Kadının konumunu irdeleyen eserlere imza atan Cihan Aktaş'ın son kitabı 'Halama Benzediğim İçin' Pınar Yayınları'ndan çıktı. Günlük hayatı naif bir bakışla yorumlayan yazarla hikayelerini konuştuk.

  • AYŞE OLGUN
    Evliliğin, özellikle de anneliğin kadının başarılarına engel olduğu görüşü sık savunulur. Hikayelerinizde ise, bir kadının içinde bulunduğu bu durumdan yola çıkıp yazısını beslediğini görüyoruz. Sizin için evlilik ve çocuk sahibi olmak, yazmak isteyen bir kadın için sorun mu?

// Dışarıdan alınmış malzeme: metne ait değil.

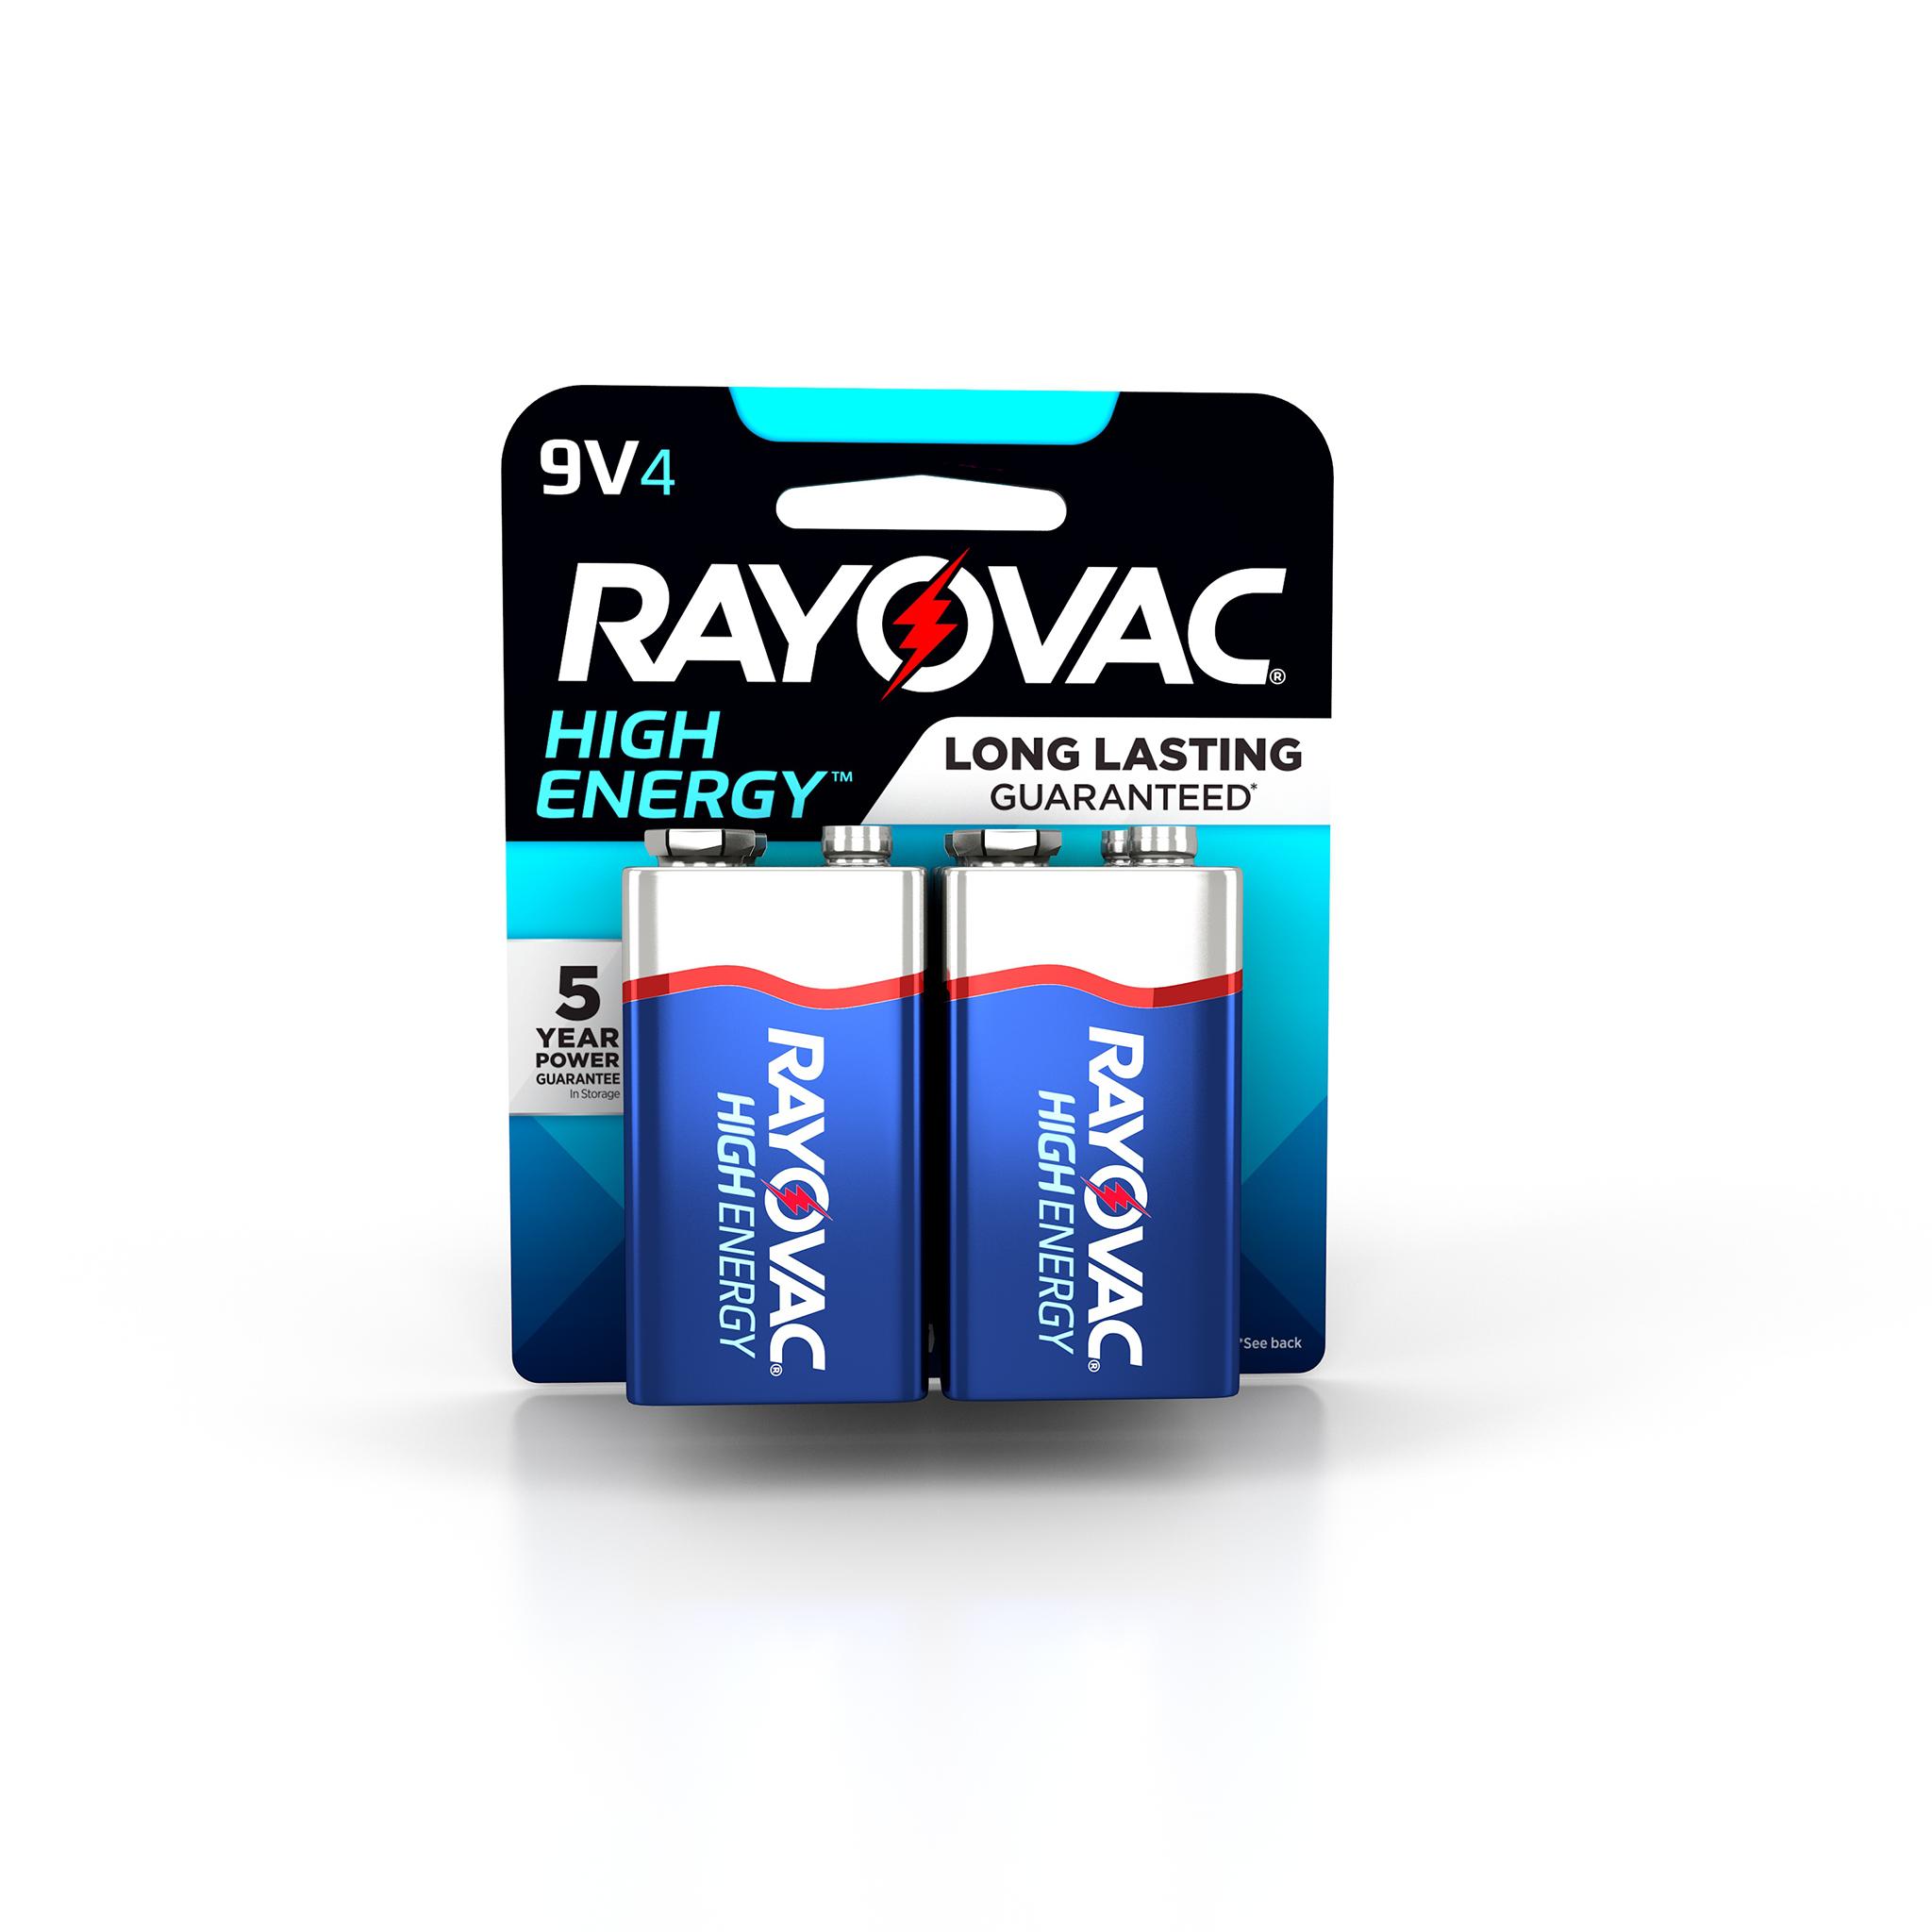 Rayovac High Energy Alkaline, 9V Batteries, 4-Pack

    Anneliğin bir kadın için pek az şeyle kıyaslanacak şekilde öğretici, geliştirici olduğunu düşünüyorum. Başarı denilen şey zaten çok kesin, belirli ve güvenli bir paket değil. Kötü bir anne iyi bir yazar olabilir belki, hatta bu pek mümkün ama yazmayla yaşamayı birbirini kollayan, birbirini denetleyen ve bütünleyen olgular halinde gördüğünüzde, iyi bir yazar olmakla iyi bir anne olmayı aynı ölçüde önemsemeden edemezsiniz. Meslek sahibi, bir meslek ya da yetenek alanında idealleri olan yeni evli genç kadınlar hele bir de hemen anne olmuşlarsa paniğe kapılıyorlar; bir şeyler kesintiye uğrayacak, başlamış bir şeyler yarım kalacak diye. Çocuğun sorumluluğunun tamamen anneye bırakıldığı çekirdek aile için bu panik o kadar da anlamsız değil aslında. Çok istersek bir şeyler ince bağlar aracılığıyla da olsa sürekliliğini koruyabilir ama bu bizim çabamıza bağlı. Bu tür bir kesinti korkusunu ben de yaşadım ama bugün iyi ki yaşamışım diyorum. İçinde bulunurken zaman zaman kolay olmayabiliyor ama yazıya dökülmeye değecek kadar insanın derinlerine yerleşen hiçbir tecrübe de kolay yaşanmaz zaten. Bu yıllarda geçmiş yıllara nispeten yazıya daha fazla zaman ayırabiliyorum. Yazıya ayırdığım süre azalsa da süreklidir. Bazen hiçbir şey yazmadan bilgisayarın karşısından kalktığım olur, bazen de bir düzeltme için oturmuşken sayfalar yazabilirim.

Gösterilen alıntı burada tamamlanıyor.